Predicted social network
4.2 |. Example 2: Incomplete brain connectivity network
It has been documented that the graph properties and structures of brain networks largely resemble social networks.39 In a brain network, each node represents a brain area and an edge/link represents the interactive relationship between a pair of brain areas.40 The brain network is often thresholded to turn negatively and weakly connected edges into nonconnections.2,41 Although thresholding can remove false positive edges, it inevitably introduces false negative findings by labeling links under a detection limit as nonconnections. Therefore, the thresholded brain network is considered as an incomplete network. Our goal is to recover the “true” network based on the incomplete brain network data, by identifying the false negative edges using our method. The brain network here is built based on resting state fMRI data from 44 healthy subjects (age 36 ± 11, 17 females and 27 males) from a previous published study. The brain network includes 246 nodes defined by brain regions.42 The strengths of edges are measured by the temporal coherence between averaged time series from all brain regions/nodes.43 The group-level (average) brain network characterizes the brain circuitry of healthy subjects at rest. Since the brain network is thresholded and many edges can be latent links due to detection limit, we apply the proposed method to the incomplete brain network and perform latent link prediction. We evaluate the performance of varied link prediction methods based on the artificially hold-out links. We generate 20 sets of hold-out links for each link-hiding proportion, and predict latent links based on the rest of the edges in the observed brain network. The results of each predictive model are displayed in Table 4 and Figure 5 in terms of AUCs of averaged ROC curves.
TABLE 4.
Comparing AUCs of ROCs between methods for hold-out links in incomplete brain network
ϕ | SNOM | NS | SBM | FS |
---|---|---|---|---|
0.1 | 0.9689 (0.0076) | 0.9529 (0.0104) | 0.5777 (0.0205) | 0.7073 (0.0196) |
0.2 | 0.9631 (0.0039) | 0.9405 (0.0079) | 0.5724 (0.0193) | 0.6638 (0.0122) |
0.5 | 0.8355 (0.0101) | 0.8719 (0.0098) | 0.5464 (0.0117) | 0.5126 (0.0119) |
0.8 | 0.6605 (0.0094) | 0.6568 (0.0150) | 0.5345 (0.0072) | 0.5523 (0.0134) |
FIGURE 5.
Averaged ROC curves for methods with different rates of hidden links in incomplete brain network
As with the social network example, our method SNOM outperforms the competing methods under low hiding rate (0.1 and 0.2). NS shows better performance than the SBM and the FS methods. For a higher hiding proportion 0.5, our method and the NS method have similar performance and both outperform the other two methods. When the hold-out rate increases to 0.8, no method can provide accurate prediction, though the NS method and our method outperform the other two methods. We note that the link prediction performance based on incomplete brain network (average AUC = 97%) is generally better than the incomplete social network (average AUC = 78%). This may because social network data are collected based on subjective survey/questionnaire data which may include more noise than objectively observed neurophysiological signals of brain connectome network data.
5 |. DISCUSSION
We have developed a link prediction method for partially network data in the context of binary outcome misclassification. Our emphasis is on “outcome/link prediction” which distinguishes our work from prior work in binary outcome misclassification by aiming at estimating effects of exposures.28 The predicted latent links provide a more accurate recovery of the full network data using only observed incomplete network data.

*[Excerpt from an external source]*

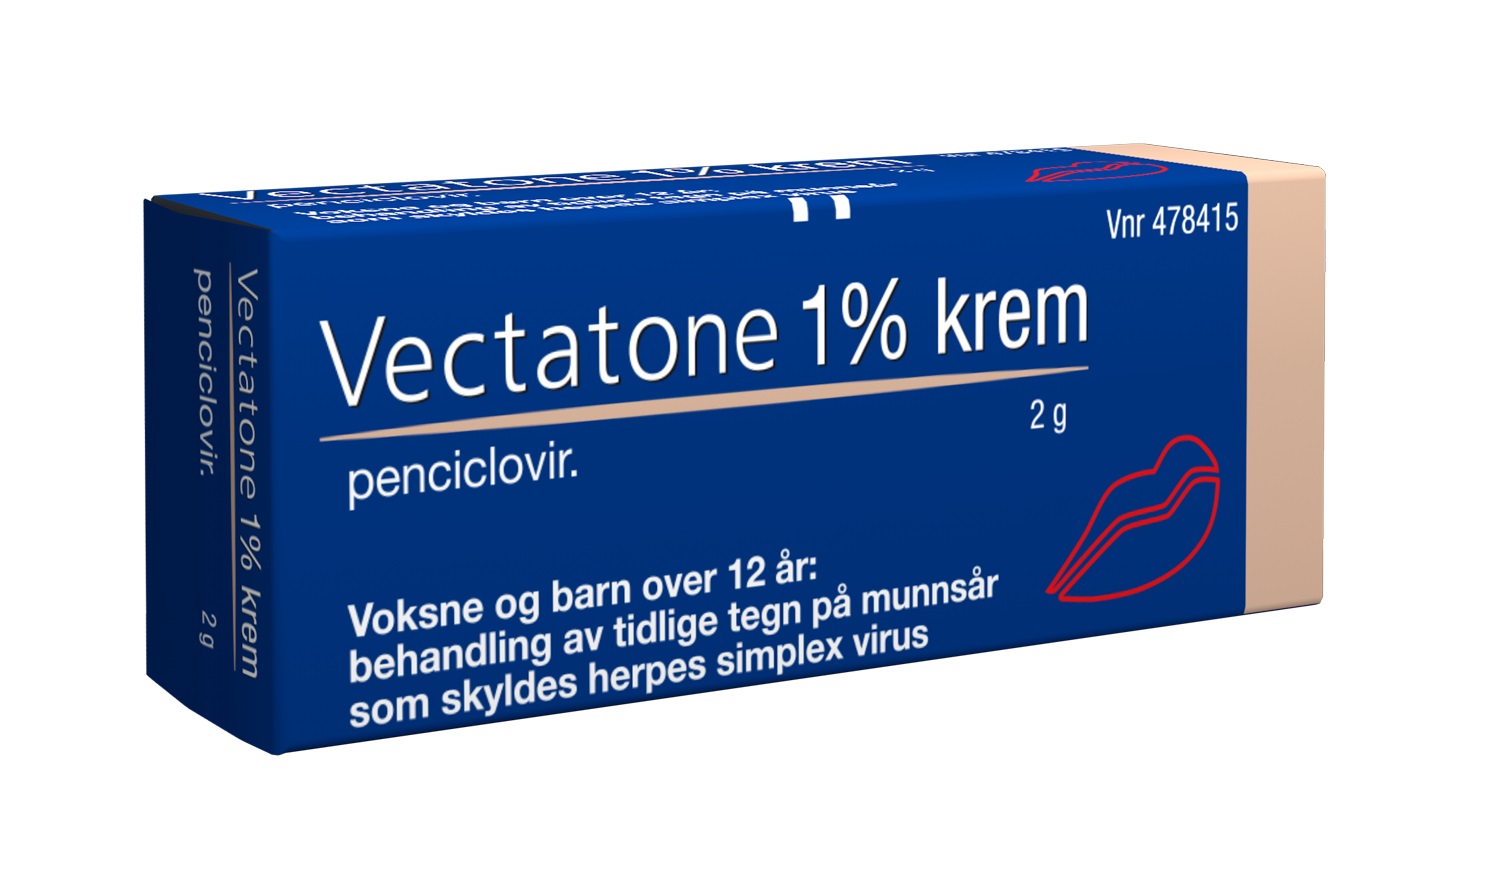 Vectatone Krem 1%, 2 gram

Our method complements existing parametric network models by allowing misclassified outcome data and unreported/latent links. As many parametric network models (eg, ERGM) are considered as an incomplete-data generating process,44 our jointly modeling of misclassification and network is as well. We extend the basis of existing network models from likelihood to expected likelihood to account for the misclassified outcome variables. This framework is flexible with respect to incorporating node and edge characteristics with parametric model specification.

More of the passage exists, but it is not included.